Kauto Stone at Auteuil prior to his win in the Prix Maurice Gillois

Horses of the calibre of Kauto Star and Long Run don’t grow on trees, but Paul Nicholls must currently be hoping for a double case of lightning striking twice, following the arrival in his stable of exciting young French steeplechaser Kauto Stone, who had previously been trained by Jehan Bertran de Balanda.

There are two reasons for hoping that Kauto Stone might scale similar heights to the aforementioned Cheltenham Gold Cup heroes: Kauto Stone is a half-brother to Kauto Star and he won last season’s Grade 1 Prix Maurice Gillois Steeplechase at Auteuil, France’s premier four-year-old chase which had been won the previous year by Long Run.

Kauto Stone might only be a five-year-old, but the best French National Hunt horses seem to come to hand very quickly and he has already won three Graded jumps races, including the Grade 2 Prix Georges de Talhouet-Roy Hurdle as a three-year-old in 2009.

Like Kauto Star, he is the son of a former high-class French-trained Flat horse: Kauto Star’s sire Village Star, a son of the Mill Reef stallion Moulin, won the 1988 Grand Prix de Saint-Cloud when trained by Andre Fabre, while Kauto Stone’s sire With The Flow, an American-bred son of Irish River from the family of Lammtarra and Bosra Sham, won the Prix de Fontainebleau over 1600m as a three-year-old in 1998 for Criquette Head-Maarek’s stable, from which he was Group One-placed in the Prix Ganay three years later.

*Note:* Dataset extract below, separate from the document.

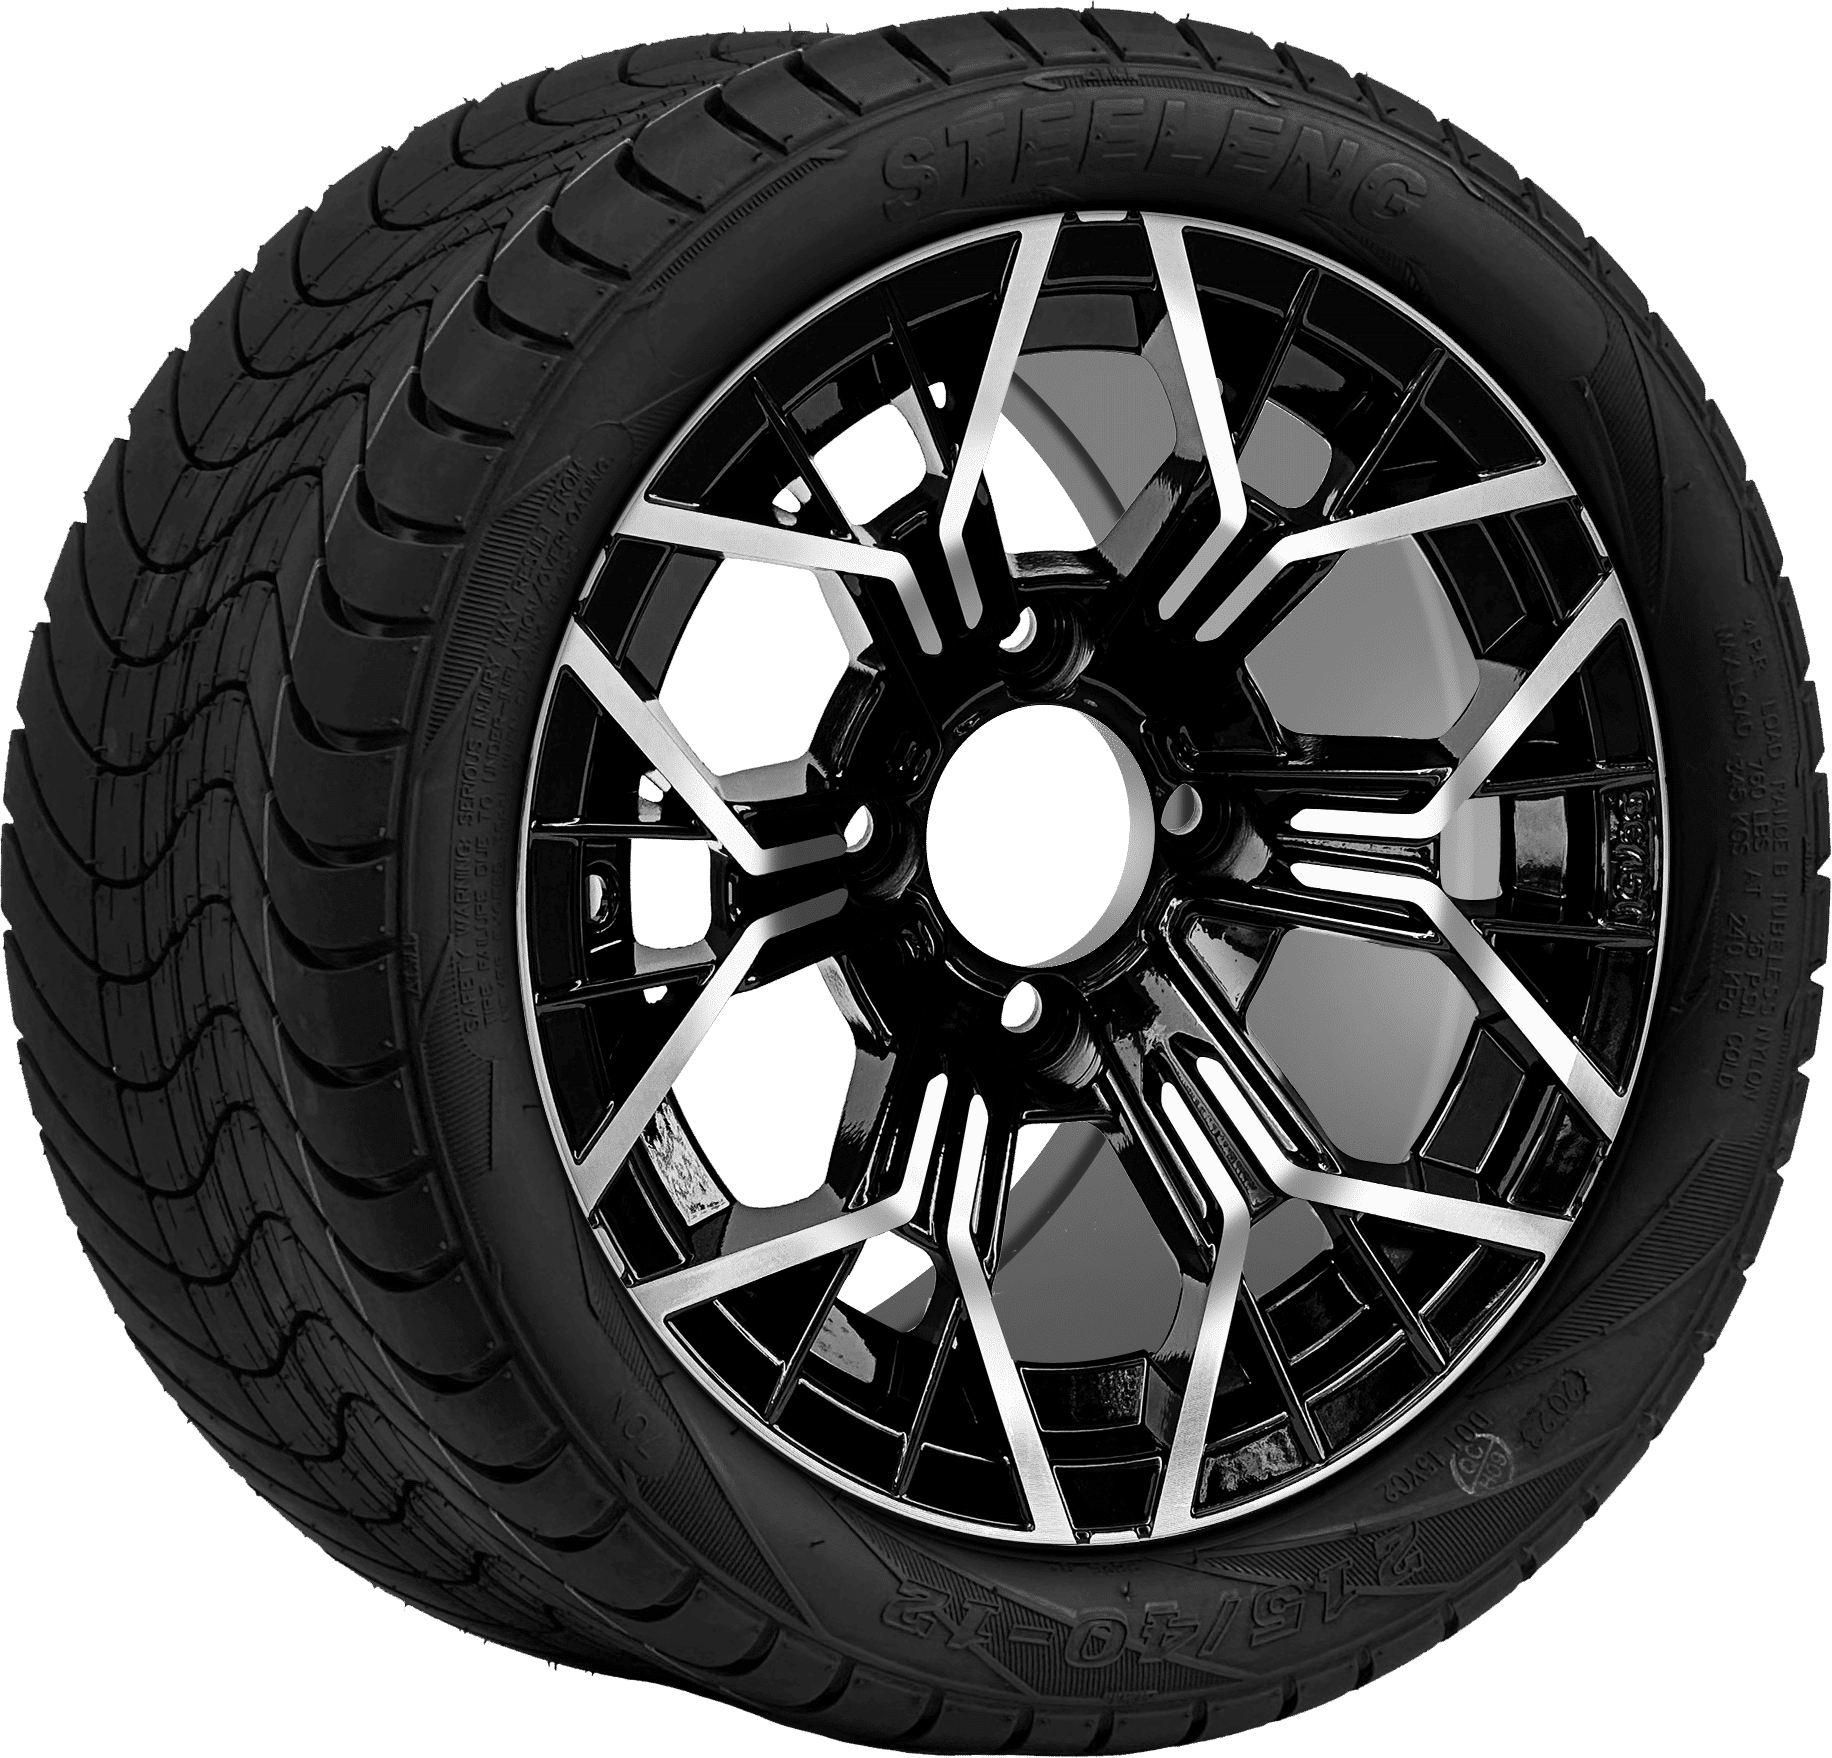 BNDL-TR1211-WH1267-CC0025-LN0004 12″ MANTIS MACHINED/BLACK WHEEL – ALUMINUM ALLOY / STEELENG 215/40-12 LOW PROFILE TIRE DOT APPROVED

Any further success which Kauto Stone can achieve will be a big boost for Vauterhill Stud in Devon as With The Flow, who started his stud career in France in 2002 at Haras du Grand Chesnaie, is now on the roster there, which represents a potentially major coup for British National Hunt breeding.

Any such boost will doubtless be scrupulously logged by the TBA, whose Chief Executive Louise Kemble owns Kauto Stone in partnership with Patrick Atkinson.